AWS Machine Learning Blog

Automating model retraining and deployment using the AWS Step Functions Data Science SDK for Amazon SageMaker

As machine learning (ML) becomes a larger part of companies’ core business, there is a greater emphasis on reducing the time from model creation to deployment. In November of 2019, AWS released the AWS Step Functions Data Science SDK for Amazon SageMaker, an open-source SDK that allows developers to create Step Functions-based machine learning workflows in Python. You can now use the SDK to create reusable model deployment workflows with the same tools you use to develop models. You can find the complete notebook for this solution in the “automate_model_retraining_workflow” folder of our GitHub repo.

This post demonstrates the capabilities of the Data Science SDK with a common use case: scheduled model retraining and deployment. In this post, you create a serverless workflow to train an ML model, check the performance of the model against a validation dataset, and deploy the model to production if the model accuracy surpasses a set threshold. Finally, the post shows how to trigger a workflow based off a periodic schedule.

The following diagram shows the serverless workflow described above utilizing AWS Step Functions.

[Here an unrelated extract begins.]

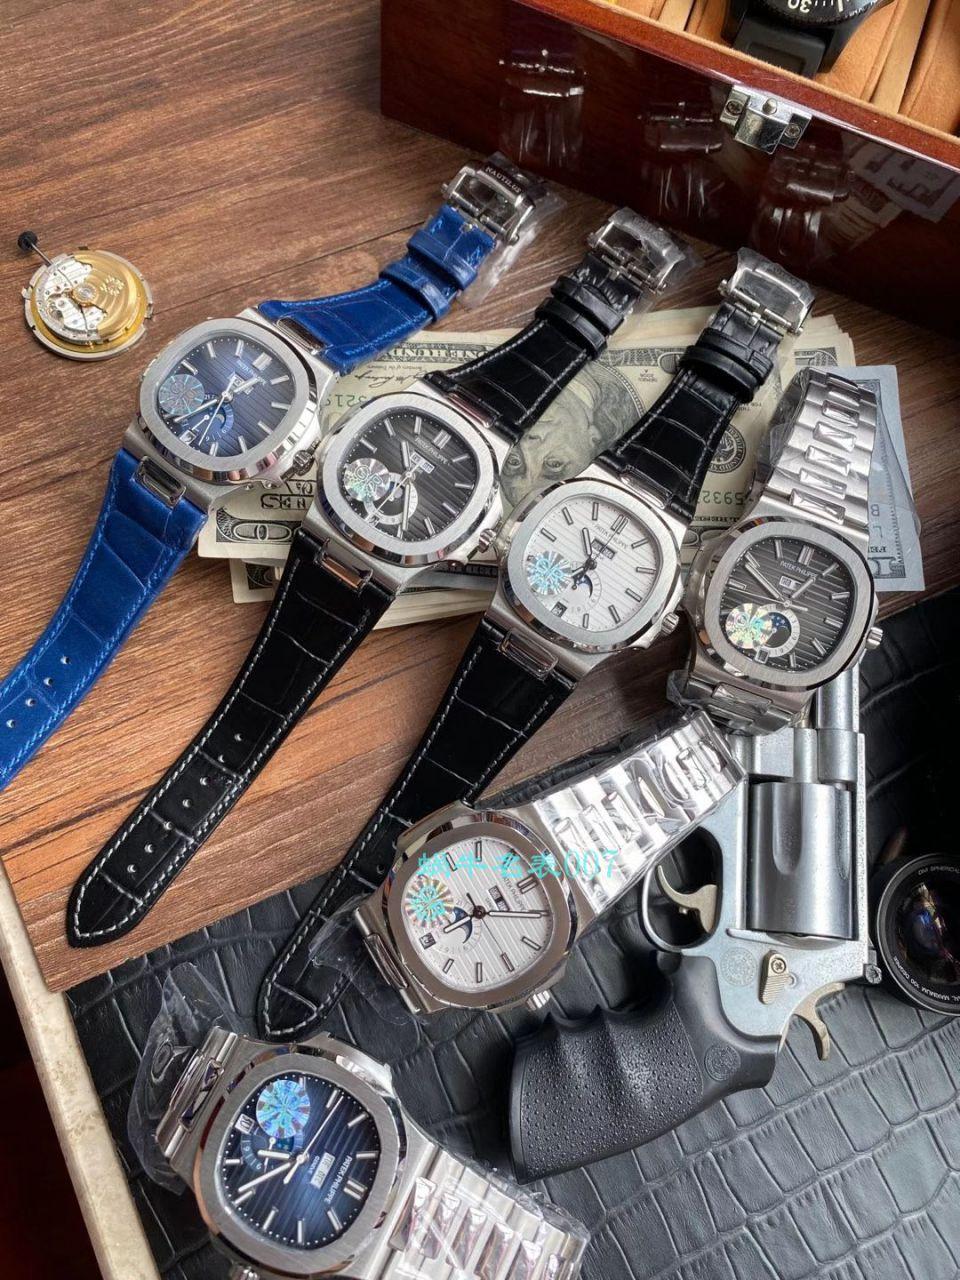 GR厂百达翡丽顶级复刻手表价格最好版本鹦鹉螺V2真月相5726/1A-010皮带款 / BD323

This post uses the following AWS services:

  • AWS Step Functions allows you to coordinate several AWS services into a serverless workflow. You can design and run workflows in which the output of one step acts as the input to the next step, and embed error handling into the workflow.
  • Amazon SageMaker is a fully managed service that provides developers and data scientists with the tools to build, train, and deploy different types of ML models.
  • AWS Glue is a fully managed extract, transform, and load (ETL) service. You can point AWS Glue to a supported data store and it generates the code to extract and load it into your target data store. AWS Glue runs on a distributed Apache Spark environment, which allows you to take advantage of Spark without managing the infrastructure.
  • AWS Lambda is a compute service that lets you run code without provisioning or managing servers. Lambda executes your code only when triggered and scales automatically, from a few requests per day to thousands per second.
  • Amazon EventBridge is a serverless event bus that makes it easy to connect different SaaS applications, AWS services, and data from your applications.

Overview of the SDK

The SDK provides a new way to use AWS Step Functions. A Step Function is a state machine that consists of a series of discrete steps. Each step can perform work, make choices, initiate parallel execution, or manage timeouts. You can develop individual steps and use Step Functions to handle the triggering, coordination, and state of the overall workflow. Before the Data Science SDK, you had to define Step Functions using the JSON-based Amazon States Language. With the SDK, you can now easily create, execute, and visualize Step Functions using Python code.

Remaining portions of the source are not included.